According to 44 USC 3508, the consequence is that FBAR reporting must cease to apply to these persons:
“Before approving a proposed collection of information, the Director shall determine whether the collection of information by the agency is necessary for the proper performance of the functions of the agency, including whether the information shall have practical utility... → To the extent, if any, that the Director determines that the collection of information by an agency is unnecessary for any reason, the agency may not engage in the collection of information.”
1.) AARO submits the following reasons why FBAR information collection from Americans abroad is unnecessary, even counterproductive:
- Foreign accounts held by resident Americans may raise eyebrows, but local financial accounts are the necessary norm where non-residents live.

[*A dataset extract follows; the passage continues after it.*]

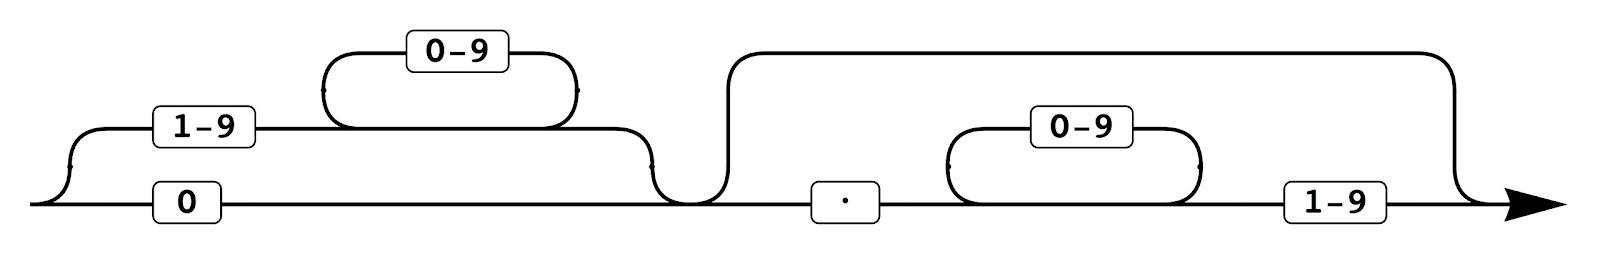 ismp-rails.jpg

Moreover, the choice not to index the FBAR threshold for almost 50 years makes that threshold a minor portion of most families' assets. This combination subjects nearly all Americans abroad to FBAR. Full compliance, if ever achieved, would inundate FINCEN, not with useful information, but with white noise. FBAR could become the instrument that conceals the signals being sought.
- Renewing FBAR obligations on Americans abroad would ignore national and international developments, especially since 9/11, that make FBAR increasingly irrelevant and redundant. These include FATCA (which also yields money flow information that FBAR does not), improved and expanded money-tracking by other countries, and international cooperation — plus the IT improvement program by FINCEN and other US agencies.
2.) “Practical utility” can be measured by reports that form the database, consultation of those reports, investigations launched and successful resolutions or prosecutions of anti-money laundering/counter-terrorist financing (AML/CTF). AARO's search found no supportive data.
- The 266 pages of the 2016 FATF report, “Anti-money laundering and counter-terrorist financing measures United States,” showcase the methods and results of AML and CTF activities. FBAR is mentioned just 8 times, but only as a part of lists, except for giving the average number of filings in 2012-2014.
Of the average 18.4 million reports FINCEN received annually (2012-2014), 95% were about active movement of money, such as SARs and CTRs. The remaining 5% were passive “reports”: required FBARs stating that accounts exist. There are no reported actions associated with FBAR filings.
- FINCEN's FY 2020 Congressional Budget Justification and Annual Performance Report and Plan does not even mention FBAR. It states there were about 12,000 BSA database users (of 20.4 million reports) in FY 2019 and that they were satisfied with their use for detecting illicit activity, but no statistics show the number or percentage of FBAR filings consulted or instances in which an FBAR was the source motivating an investigation, let alone the discovery and prosecution of AML or CTF activities.
- The GAO (GAO-19-180) has called attention to the overlap and redundancy of information being fed to Treasury and called for consolidation and simplification to relieve the burden on Americans abroad. AARO concurs with these GAO findings: https://aaro.org/position-papers-2020/financial-reporting
Without evidence of serving its AML and CTF purposes, FBAR is consuming resources needed for serious financing measures with that aim, but has not shown the required practical utility that would justify its continuation.
Even absent the legal requirements of 44 USC 3508 to cease information collection, under 31 USC 5314, the Secretary can prescribe:
- to which countries FBAR should apply
- a “reasonable classification of persons subject to or exempt from a requirement under this section or a regulation under this section,”
- “the magnitude of transactions subject to a requirement or a regulation...”
- “the kind of transaction subject to or exempt from a requirement or a regulation...”
- “and other matters the Secretary considers necessary...”
These available authorities should be used while FBAR is wound down to relieve this redundant burden on both Americans abroad and FINCEN, which is trying to perform its important service with a modest budget and limited personnel resources.
*We use “Americans abroad” to include U.S. citizens and long-term residents who are residing outside the U.S., but not legal entities.